Keevil endorsed the agreement, describing it as “the merger of two respected, century-old firms into a world-class mining operation based in Canada.”

Read: Anglo cuts dividend in response to unit sales

Anglo and Teck also learned lessons from BHP Group’s unsuccessful $49 billion bid for Anglo last year. The South African government’s dissatisfaction over not being consulted contributed to BHP’s withdrawal from that arrangement.

To mitigate similar issues, Anglo and Teck kept key governmental stakeholders informed throughout their discussions, including Prime Ministers Mark Carney of Canada and Keir Starmer of the UK. The merged company will continue to have its primary stock listing in London, even if its headquarters are located elsewhere.
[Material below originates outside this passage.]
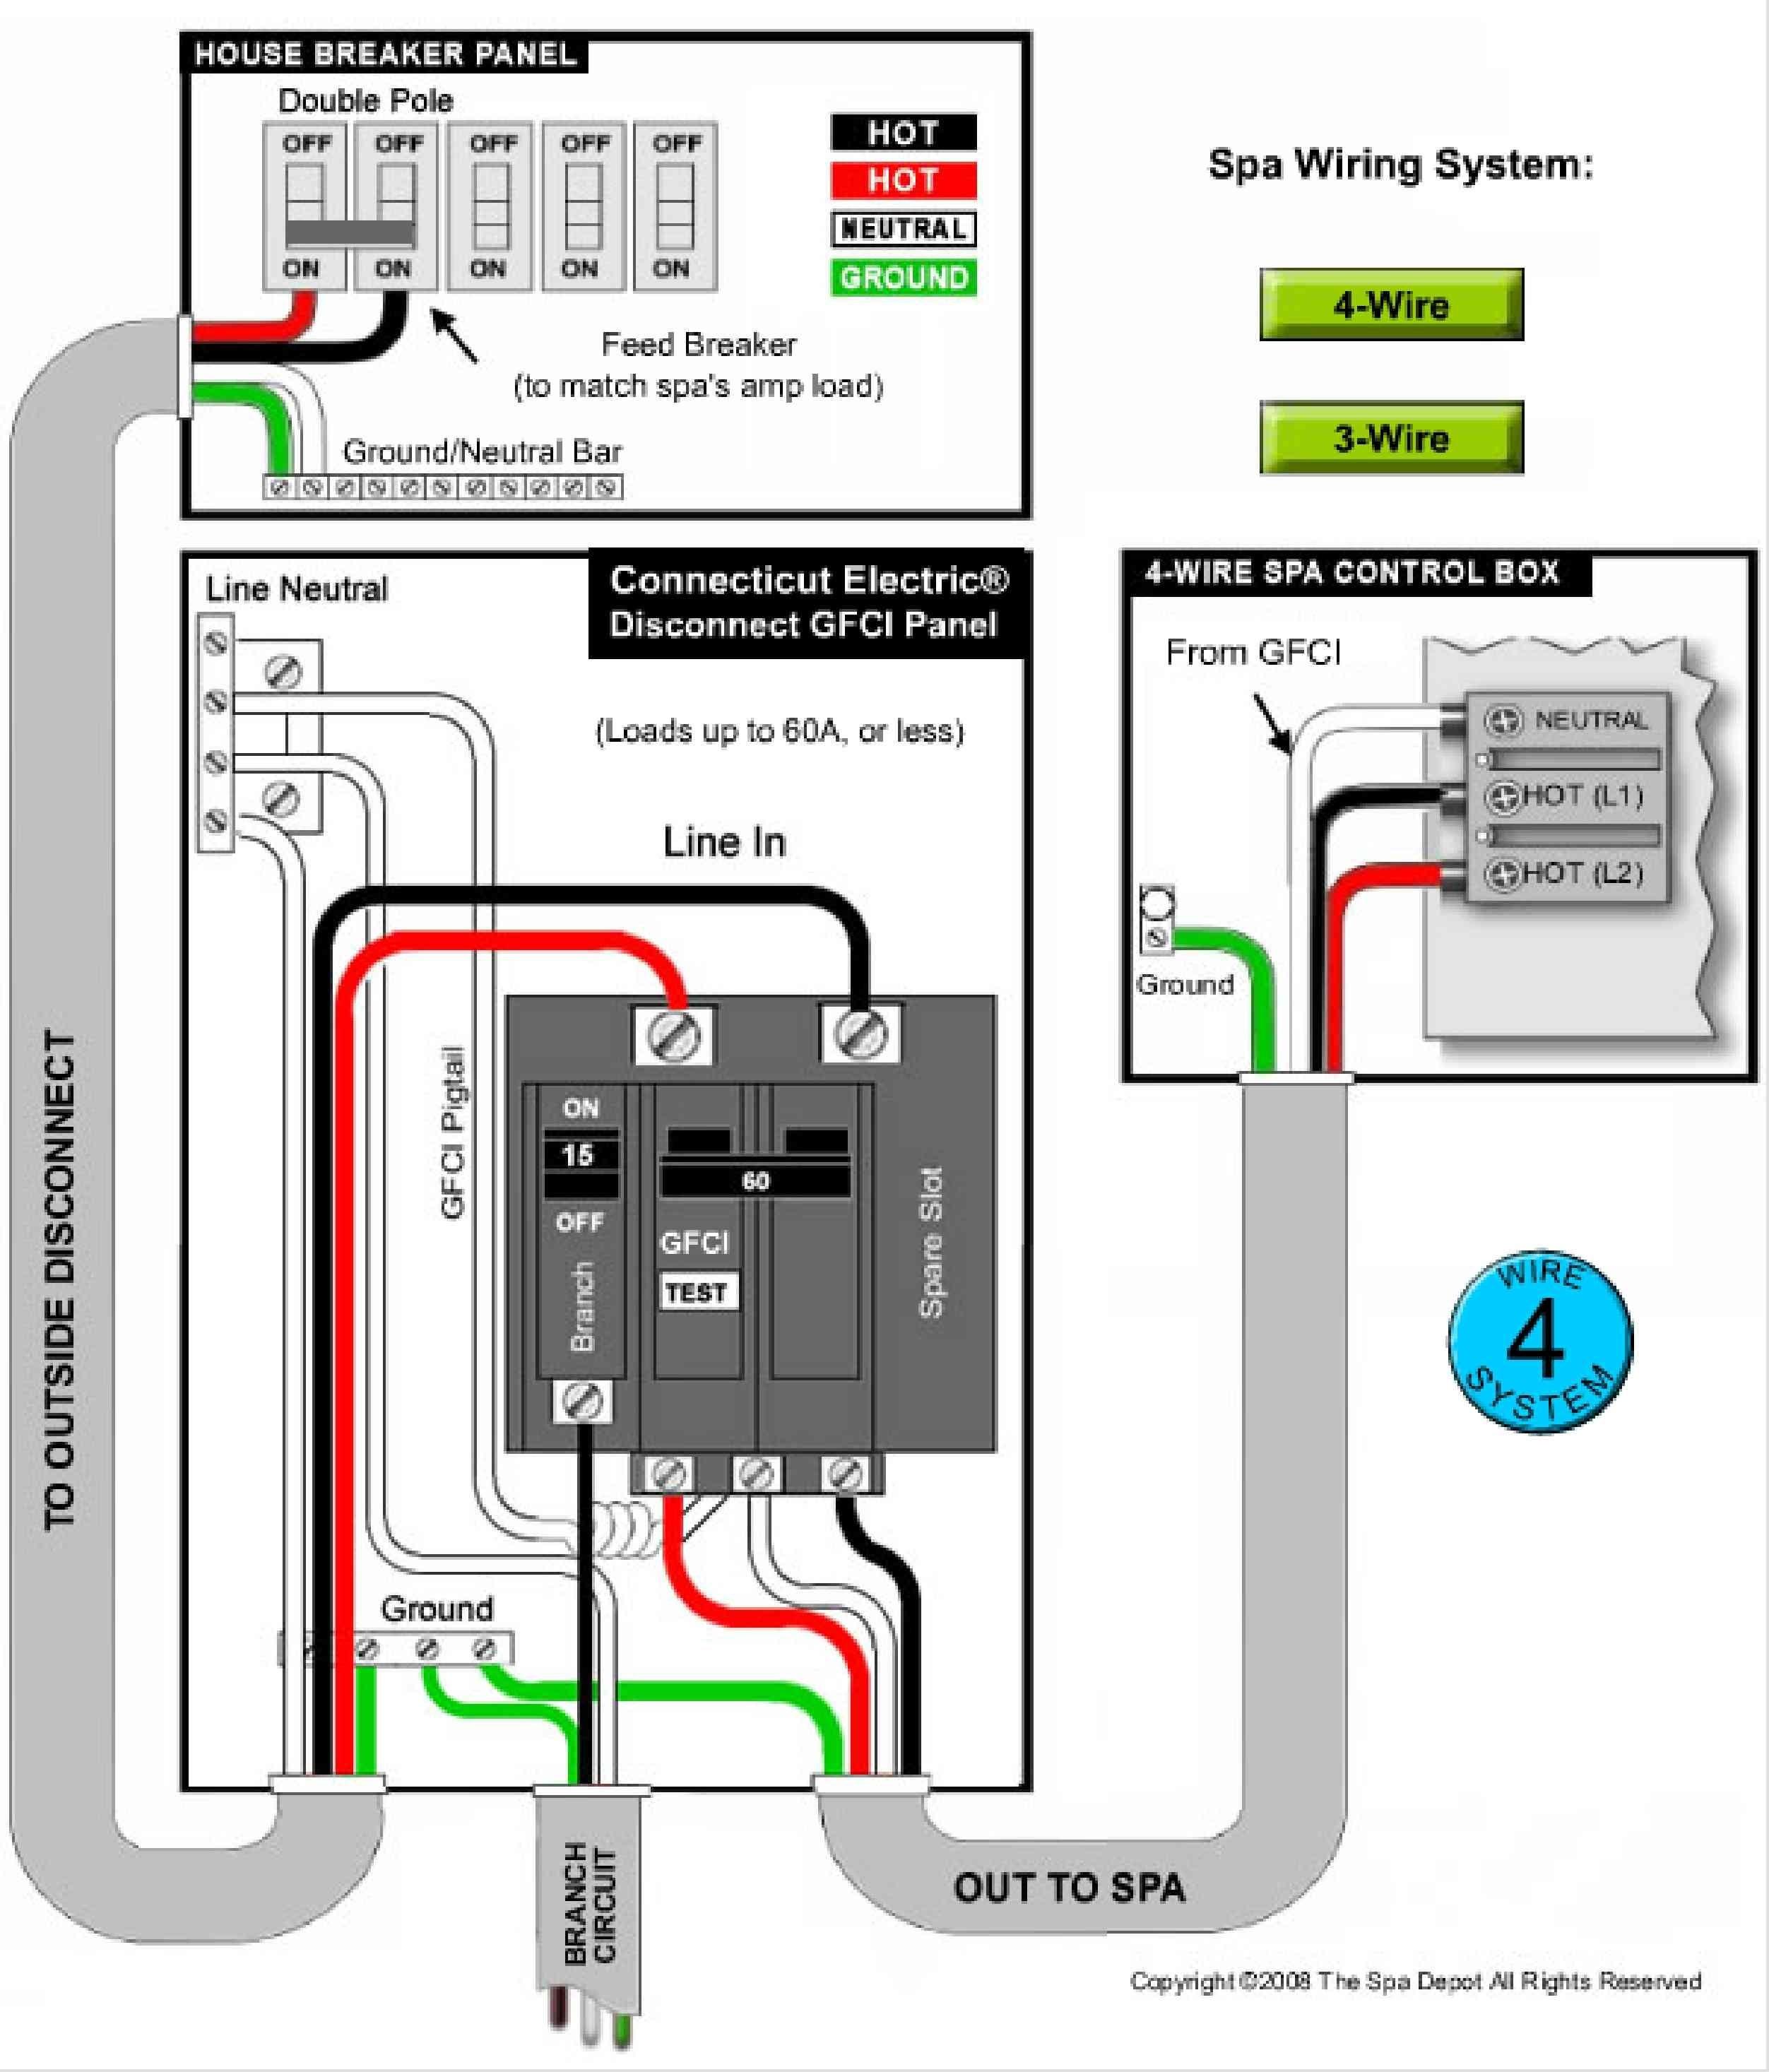 hot tub wiring schematic free wiring diagram rh ricardolevinsmorales com

“The industrial rationale has been evident from the beginning,” stated George Cheveley, a portfolio manager at Ninety One UK, which holds shares in both companies. “The more intricate aspect of this deal has been coordinating a seamless integration of both management teams and the companies themselves.”

Challenges may still be on the horizon. Shareholder approval is necessary for the merger, and many analysts predict that other companies may enter the bidding for Teck, Anglo, or both.

“Anglo and Teck have made the initial move,” claimed Tony White, a partner at MKP Advisors, a merger arbitrage expert. “Yet, the competition for control over these copper assets may not be settled just yet.”